Der dritte Tag begann mit einem Besuch in der deutschen Botschaft. Das Team der Rechtsabteilung erklärte den Aufbau der Arbeit in einer Botschaft und welche Möglichkeiten eine solche Einrichtung im Rahmen der juristischen Ausbildung bietet. Ein Highlight war eine Urkunde, welche durch unseren Außenminister unterschieben war und in den nächsten Tagen durch den Bundespräsidenten gegengezeichnet wird.

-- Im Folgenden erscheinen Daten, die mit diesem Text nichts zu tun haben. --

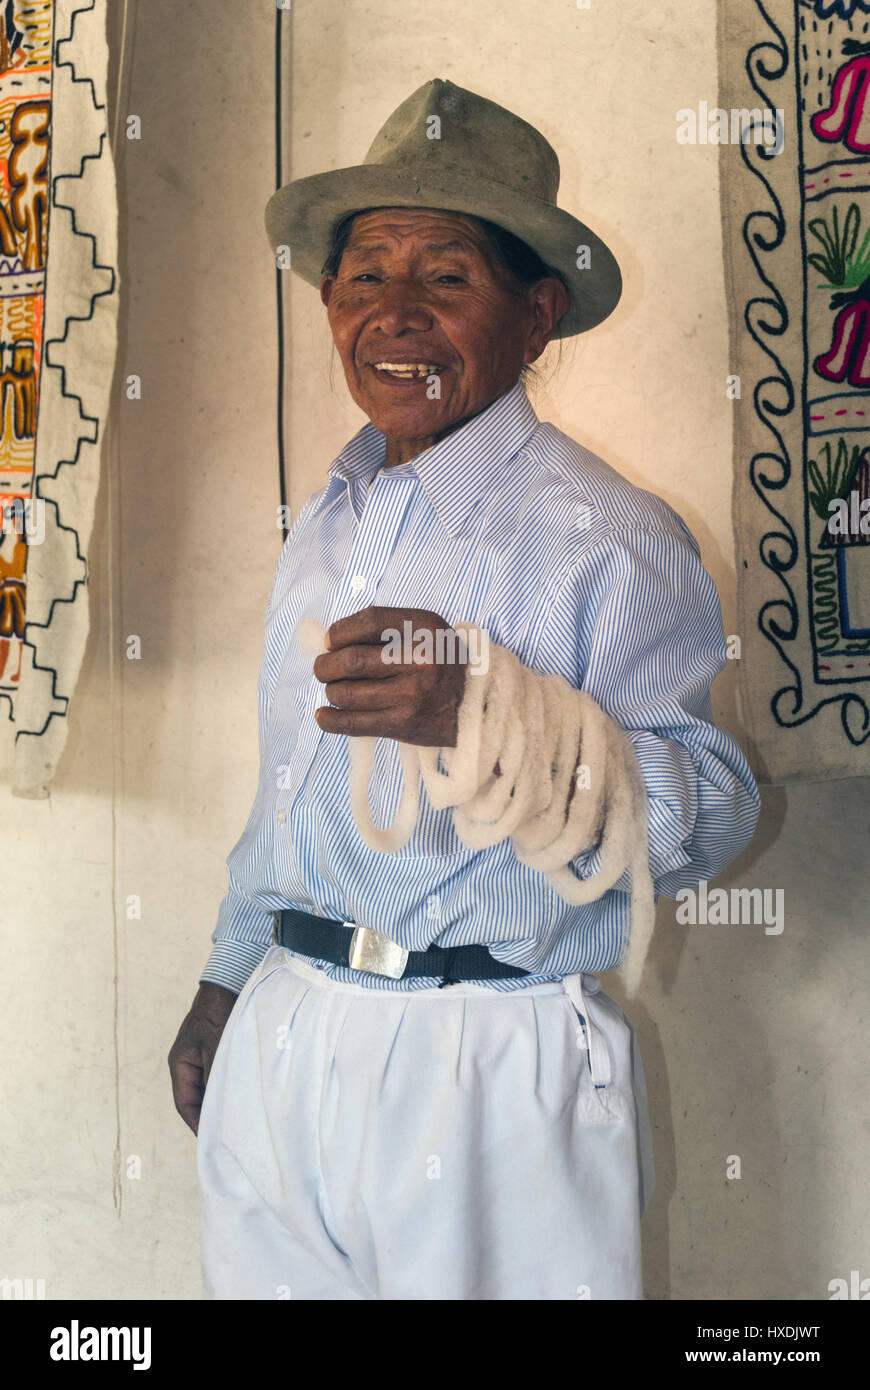 Ecuador, Otavalo, Artisan weaver holding carded wool - Stock Image
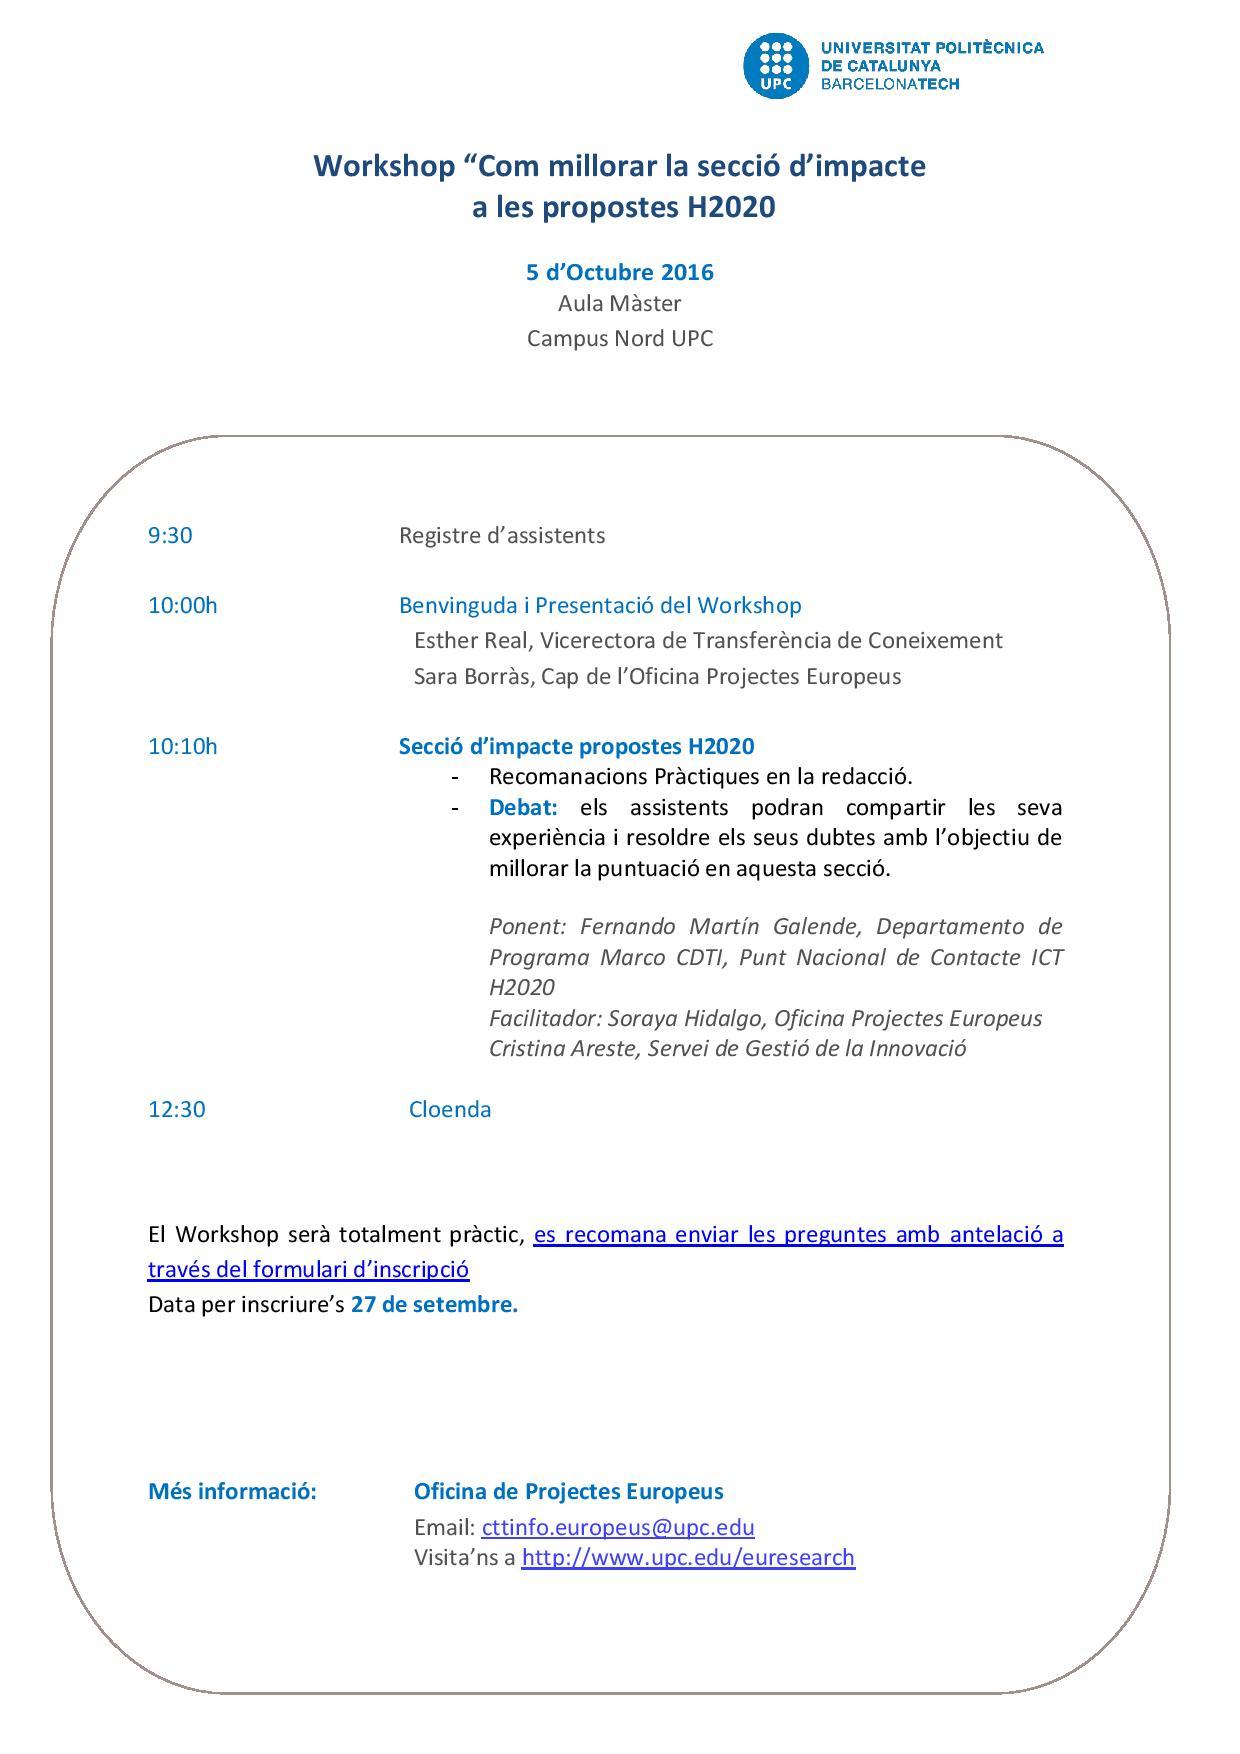 Impact workshop

Nach der Mittagspause war es endlich soweit: Der Friedenspalast öffnete für uns die Tore, welche übrigens von der BRD gespendet wurden. Das Gelände beherbergt aber nicht nur den IGH sondern unter anderem auch den Ständigen Schiedshof (Permanent Court of Arbitration – PCA) und eine der wichtigsten Bibliotheken des Völkerrechts. Dank der Zusammenarbeit mit Anne Dienelt mussten wir uns nicht für eine 0815 Tour anstellen, sondern konnten über eine separaten Eingang das Gelände betreten. Das Gespräch mit einem Juristen, welcher für einen Richter am IGH arbeitet, war nicht nur mein absolutes Highlight sondern auch von einer materiellen Tiefe geprägt. Fast zwei Stunden wurde uns aus der praktischen Sichtweise berichtet, welche sich doch oftmals stark von einer akademischen differenziert. Trotzdem konnten wir es uns nicht nehmen lassen, einen Blick in die weltbekannte Bibliothek zu werfen. Ein kurzer Vortrag zur Geschichte des Gebäudes und ein besondere Besuch des Archives, in dem sich viele Schriften des Vater des Völkerrechts Hugo Grotius befinden, versüßte uns die Wartezeit vor dem nächsten Highlight: ein Treffen mit einem deutschen Juristen am PCA. Dieser erklärte uns im Detail die Entstehungsgeschichte durch die Haager Friedenskonferenzen, die Aufgaben & Funktionen des PCAs und die aktuellen Entwicklungen. Wer den PCA bis dato noch nicht kannte, wurde vollumfänglich mit Informationen versorgt.

Selbstverständlich ist der Spaß bei allen Veranstaltungen nicht zu kurz gekommen. Insbesondere das nächtliche Zusammentreffen mit fast allen persönlichen Kontakten hat es allen ermöglicht einen besonderen Einblick der juristischen Möglichkeiten, inklusive aller Vor-/Nachteile eines solchen Lebens, zu erfahren. Alles in allem eine gelungen Veranstaltung.

P.S.: Wer nach diesem Programm noch Energie hatte, konnte sich mit dem „Königstag“ am Freitag und allen seinen Festlichkeiten belohnen, was wohl auch geschehen ist 😉

Maurus Wollensak

Direktor für Seminare & Konferenzen 2017/2018 bei ELSA-Hamburg e.V.